At 7 days after treatment, moderate redness and moderate swelling of the conjunctivae were observed in the three rabbits.
At 14 days after treatment, eye effects had cleared in the rabbits.

Any other information on results incl. tables

Mean values for corneal opacity, iritis, redness and swelling of the conjunctivae of each rabbit scored at 24, 48 and 72 h after treatment with ETFBO:

 

Animal	Corneal opacity	Iritis	Conjunctivae redness	Conjunctivae swelling (chemosis)
#1	2.0	1.0	3.0	2.7
#2	2.0	1.0	3.0	2.3
#3	2.0	1.0	3.0	2.7

Applicant's summary and conclusion

Interpretation of results:

Category 1 (irreversible effects on the eye) based on GHS criteria

Conclusions:

Based on the mean scores following grading at 24, 48 and 72 hours after instillation of the test material and considering full reversibility after 14 days, ETFBO was demonstrated to be irritating to eyes and should be classified in Category 2 for serious eye damage/eye irritation (H319: Causes serious eye irritation).
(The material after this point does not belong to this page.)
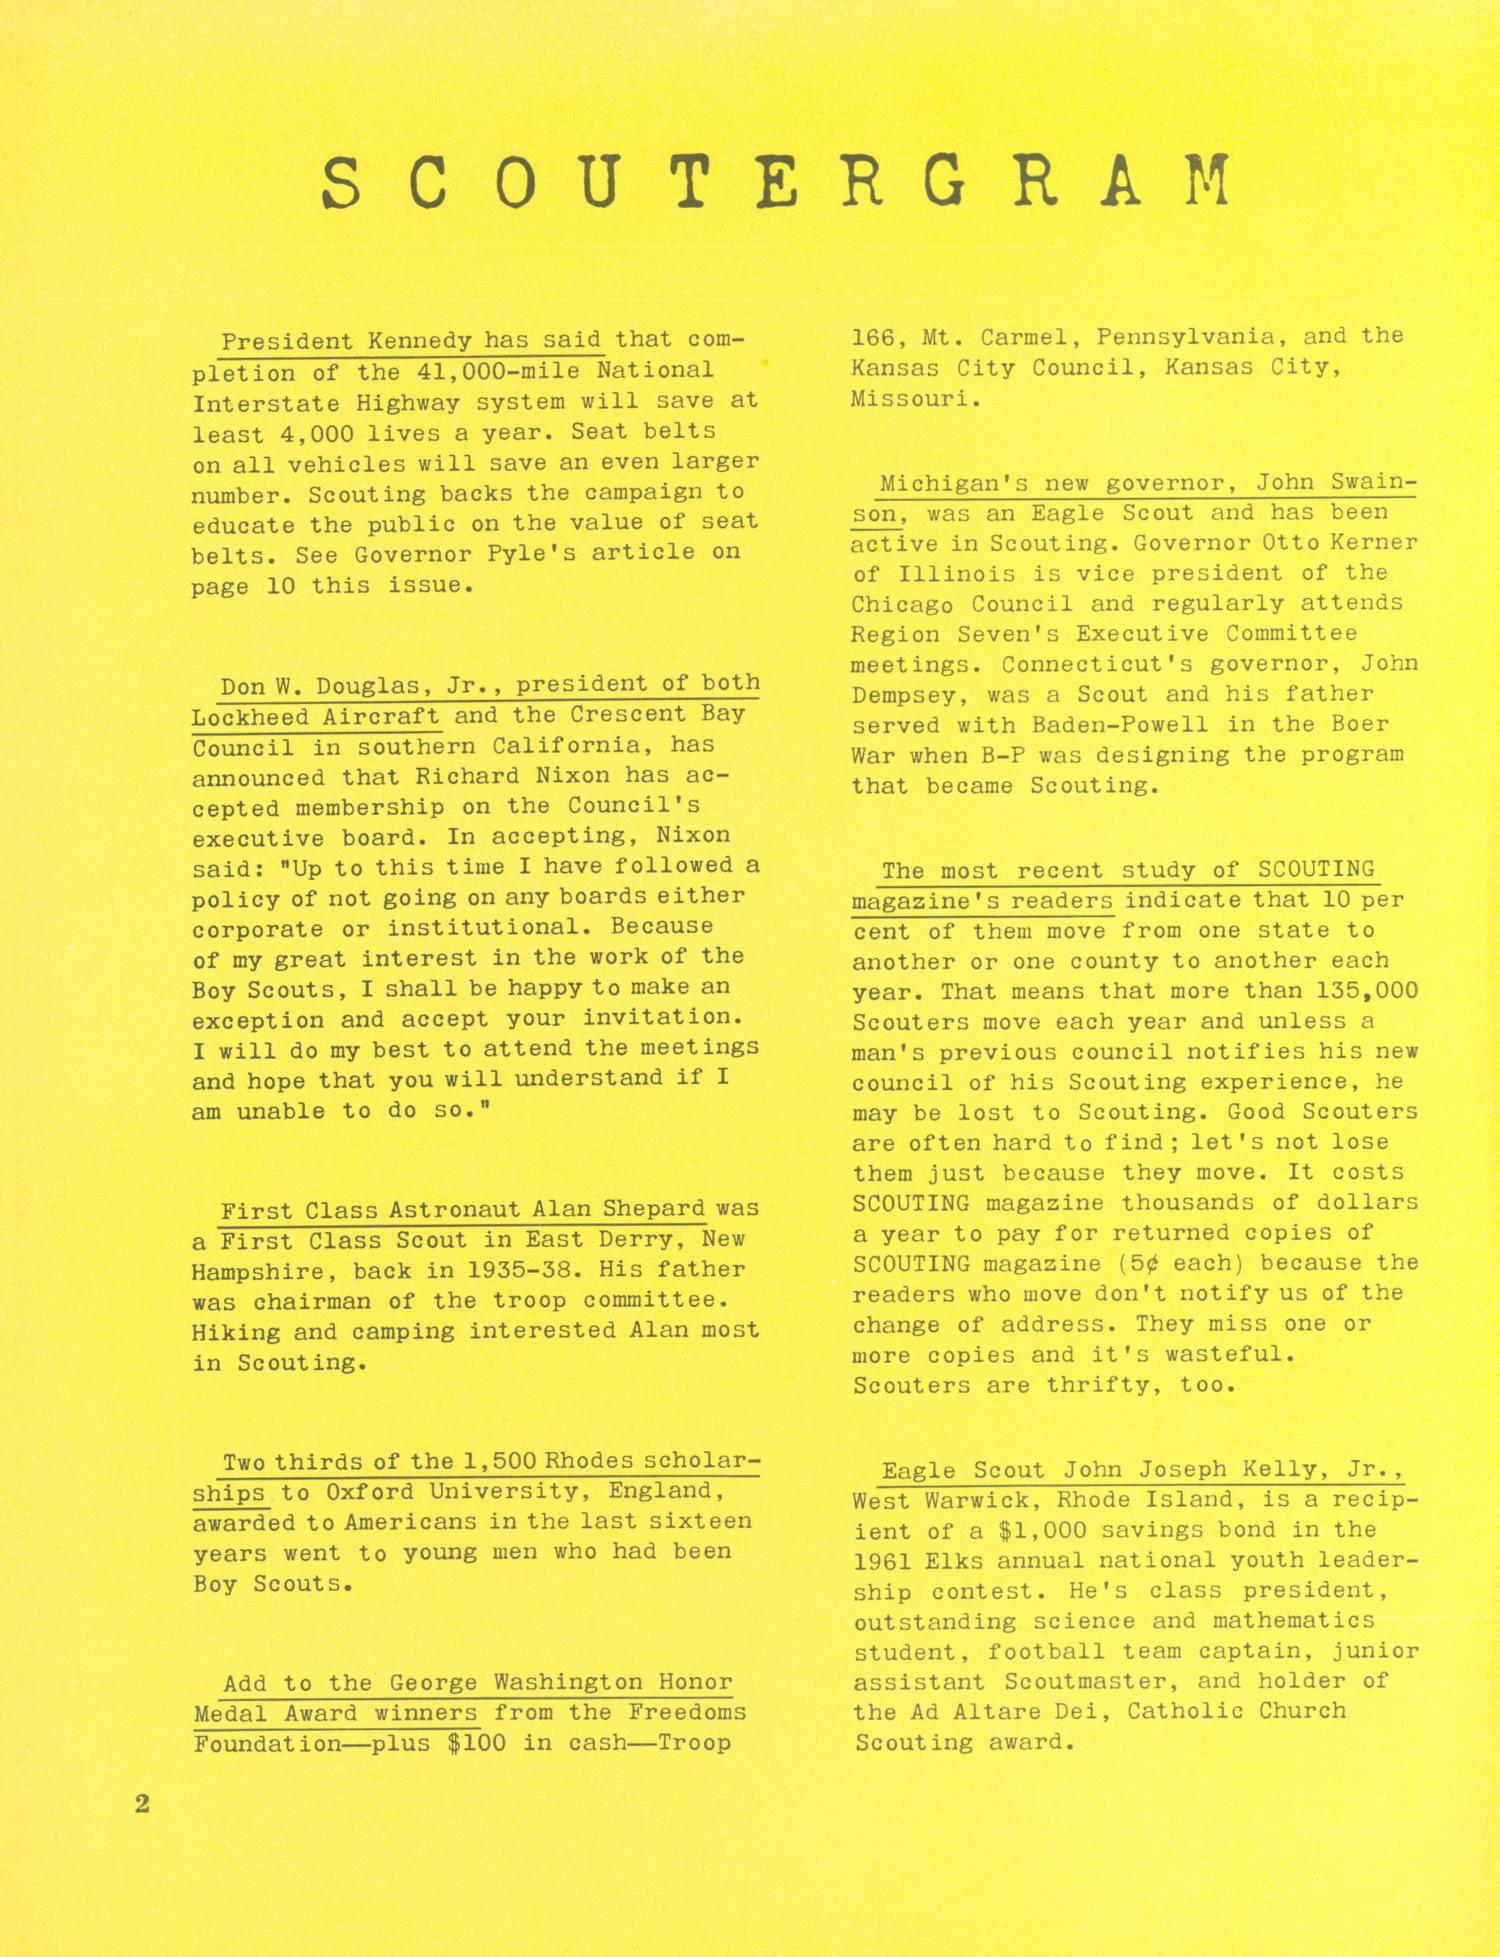 Scouting, Volume 49, Number 6, July-August 1961
                                                
                                                    2

However, applying such a classification would lead to an inconsistency with the labelling resulting from the classification applied for skin corrosion (Category 1, H314: Causes severe skin burns and eye damage). As a matter of consistency at the level of the SDS and the labelling, it was therefore decided to severize the classification for the hazard class serious eye damage/eye irritation and to classify ETFBO in Category 1 (H318: Causes serious eye damage).

Executive summary:

The potential for serious eye damage/eye irritation was investigated in a GPL-compliant study performed according to OECD test guideline 405.

 

The study was carried out with three male New Zealand White albino rabbits. Each rabbit was treated as follows: an amount of ca. 0.1 ml of the test substance was instilled in the conjunctival cul-de-sac of one of the eyes. After administration, the upper and lower eye lid were carefully closed and subsequently held together for at least one second before releasing, to prevent loss of material. The other eye remaining untreated, served as a control. The reactions of the test eyes were judged at ca. one, 24, 48, 72 h and at 7 and 14 days after treatment.

 

At 1 h after treatment, slight opacity, slight iritis, moderate redness and moderate swelling of the conjunctivae and severe ocular discharge were observed in the rabbits. At 24, 48 and 72 h after treatment, moderate opacity, slight iritis, severe redness and moderate or severe swelling of the conjunctivae and moderate or severe ocular discharge were observed in the rabbits. In the three rabbits, the mean scores following grading at 24, 48 and 72 h for corneal opacity, iritis, conjunctivae redness and conjunctivae swelling (chemosis) were of 2.0, 1.0, 3.0 and 2.3 - 2.7, respectively. At 7 days after treatment, moderate redness and moderate swelling of the conjunctivae were still observed in the three rabbits. At 14 days after treatment, eye effects had cleared in all the rabbits.

 

According to the GHS criteria and based on the mean scores following grading at 24, 48 and 72 hours after instillation of the test material and considering full reversibility after 14 days, ETFBO was demonstrated to be irritating to eyes and should be classified in Category 2 for serious eye damage/eye irritation (H319: Causes serious eye irritation). However, applying such a classification would lead to an inconsistency with the labelling resulting from the classification applied for skin corrosion (Category 1, H314: Causes severe skin burns and eye damage). As a matter of consistency at the level of the SDS and the labelling, it was therefore decided to severize the classification for the hazard class serious eye damage/eye irritation and to classify ETFBO in Category 1 (H318: Causes serious eye damage).